Multipolar, verbose, match without query_string

I would like to be able to match multi-user search with several fields, where each searched word is contained in any for fields, any combination. The trick would be to avoid using query_string.

curl -X POST "http://localhost:9200/index/document/1" -d '{"id":1,"firstname":"john","middlename":"clark","lastname":"smith"}' curl -X POST "http://localhost:9200/index/document/2" -d '{"id":2,"firstname":"john","middlename":"paladini","lastname":"miranda"}' 

I would like the search for "John Smith" to match only document 1. The following query does what I need, but I would prefer to avoid using query_string if the user passes "OR", "AND" and any other advanced options.

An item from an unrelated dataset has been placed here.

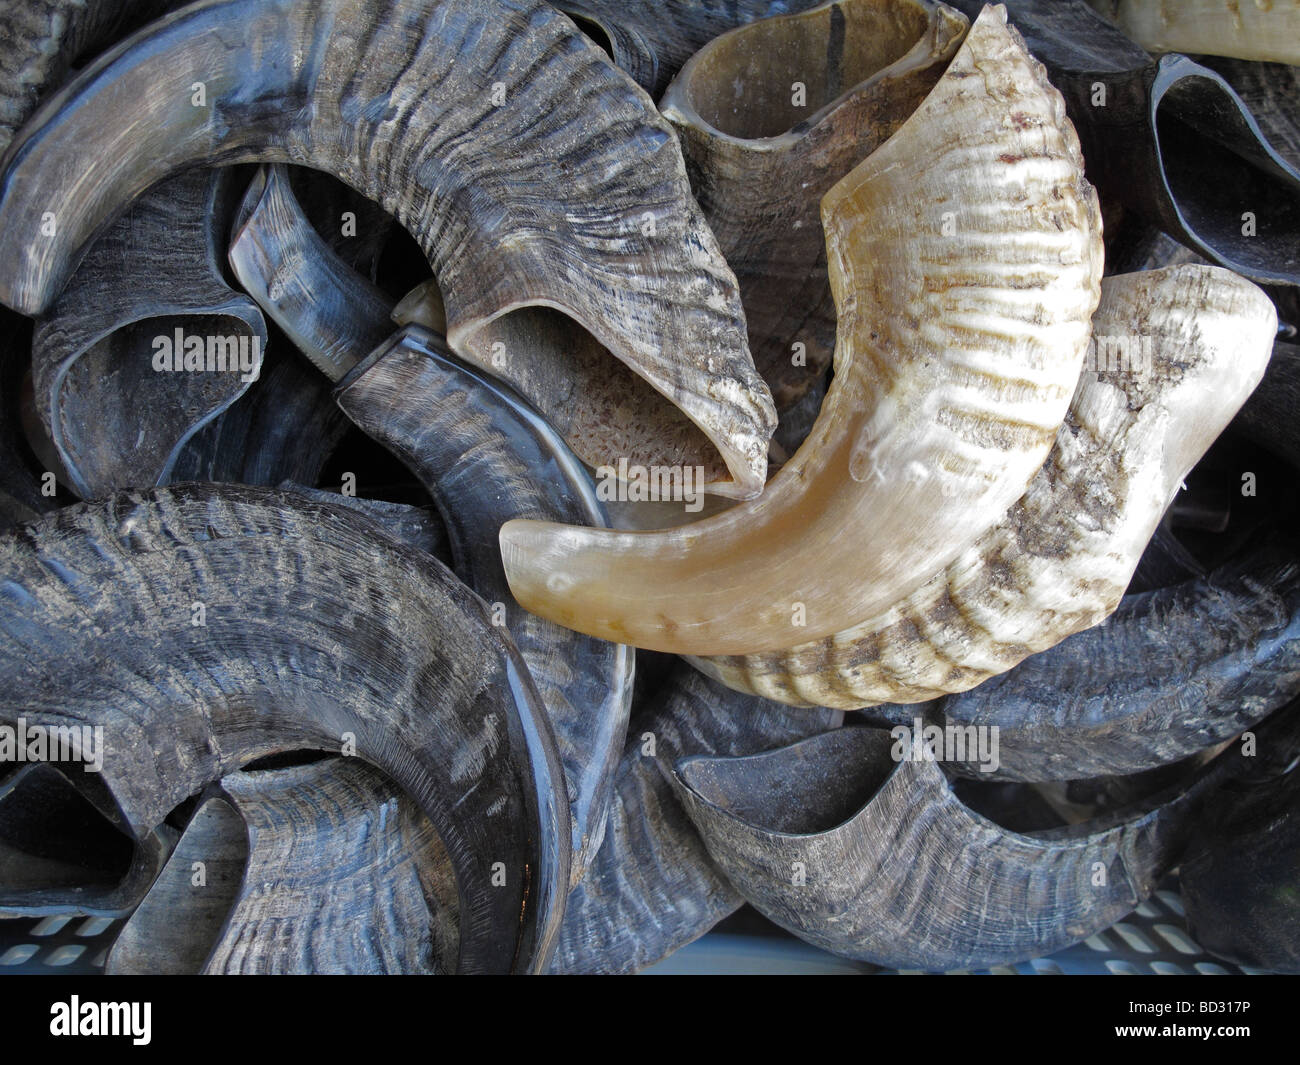 Stack of traditional Shofar which sounds during the Jewish High Holy Days on Rosh Hashanah and Yom Kippur Stock Photo

 curl -X GET 'http://localhost:9200/index/_search?per_page=10&pretty' -d '{ "query": { "query_string": { "query": "john smith", "default_operator": "AND", "fields": [ "firstname", "lastname", "middlename" ] } } }' 
+16
source share
4 answers

You need a query with a few matches , but it doesn’t work exactly as you would like.

Compare the validation output for multi_match and query_string .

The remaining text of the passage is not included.